Wherever the line with "Blowjob Classes - Cover" sits in the listing below, transcribe from it up to and including the line with "Bárbara Evans encanta", exactly, and leave the remaining lines out.

» **Recorded information**:
◇ ◇ ◇ ◇ ◇

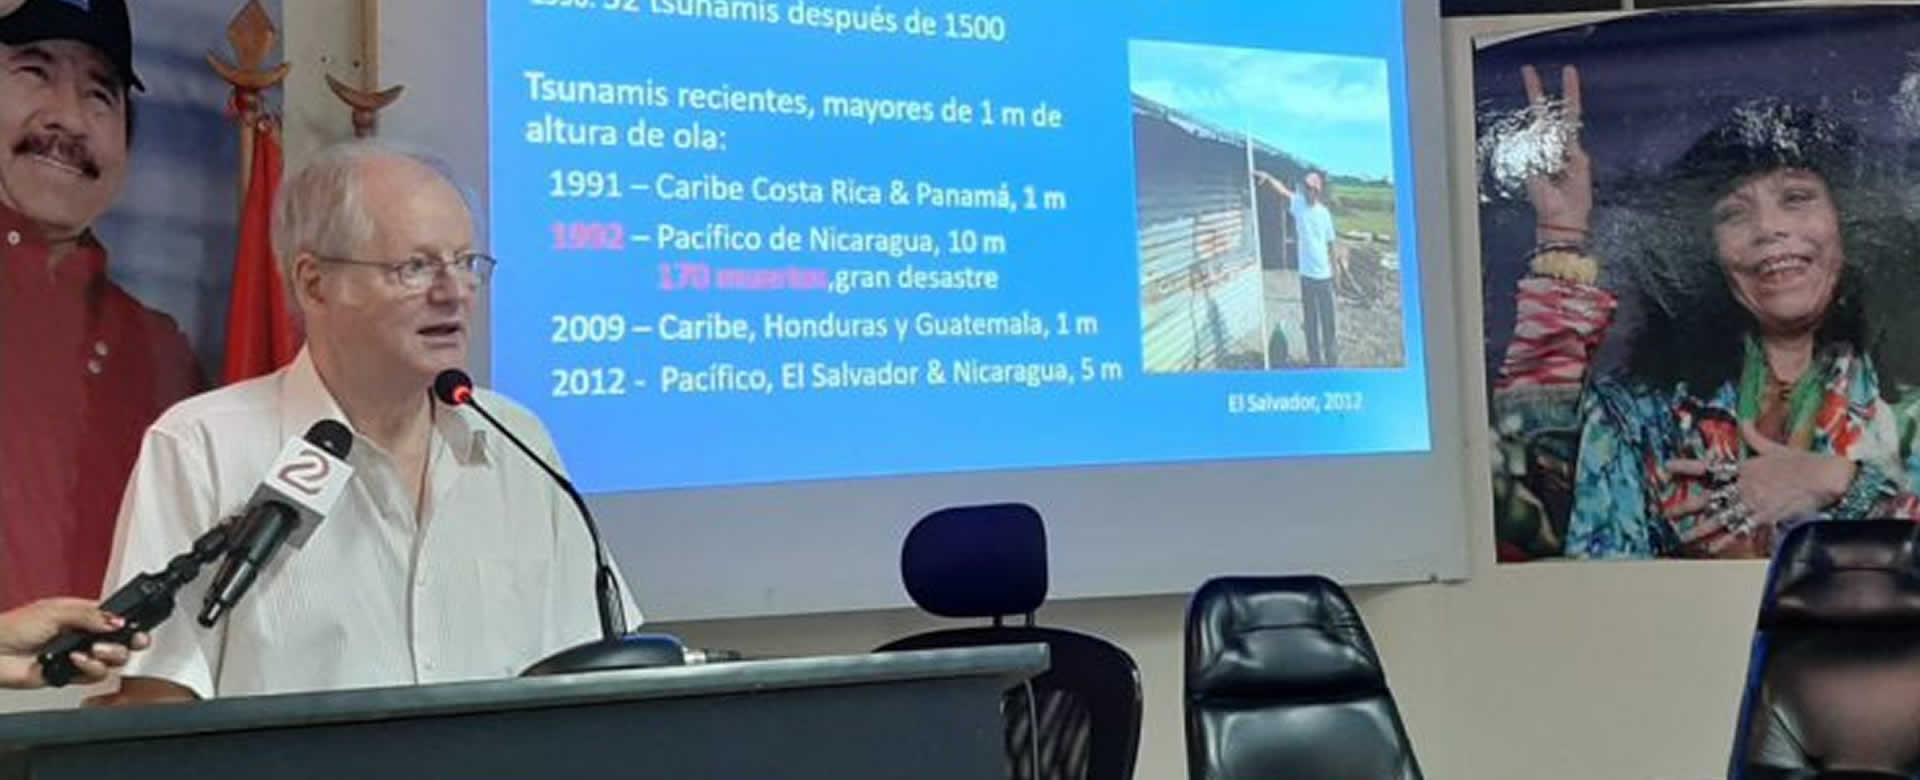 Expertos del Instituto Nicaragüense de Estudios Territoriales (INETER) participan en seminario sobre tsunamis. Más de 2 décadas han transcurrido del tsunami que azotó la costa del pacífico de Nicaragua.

◇ ◇ ◇ ◇ ◇

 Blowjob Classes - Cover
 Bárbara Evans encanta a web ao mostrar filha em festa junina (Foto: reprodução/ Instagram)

◇ ◇ ◇ ◇ ◇

» **Written solution**:
 Blowjob Classes - Cover
 Bárbara Evans encanta a web ao mostrar filha em festa junina (Foto: reprodução/ Instagram)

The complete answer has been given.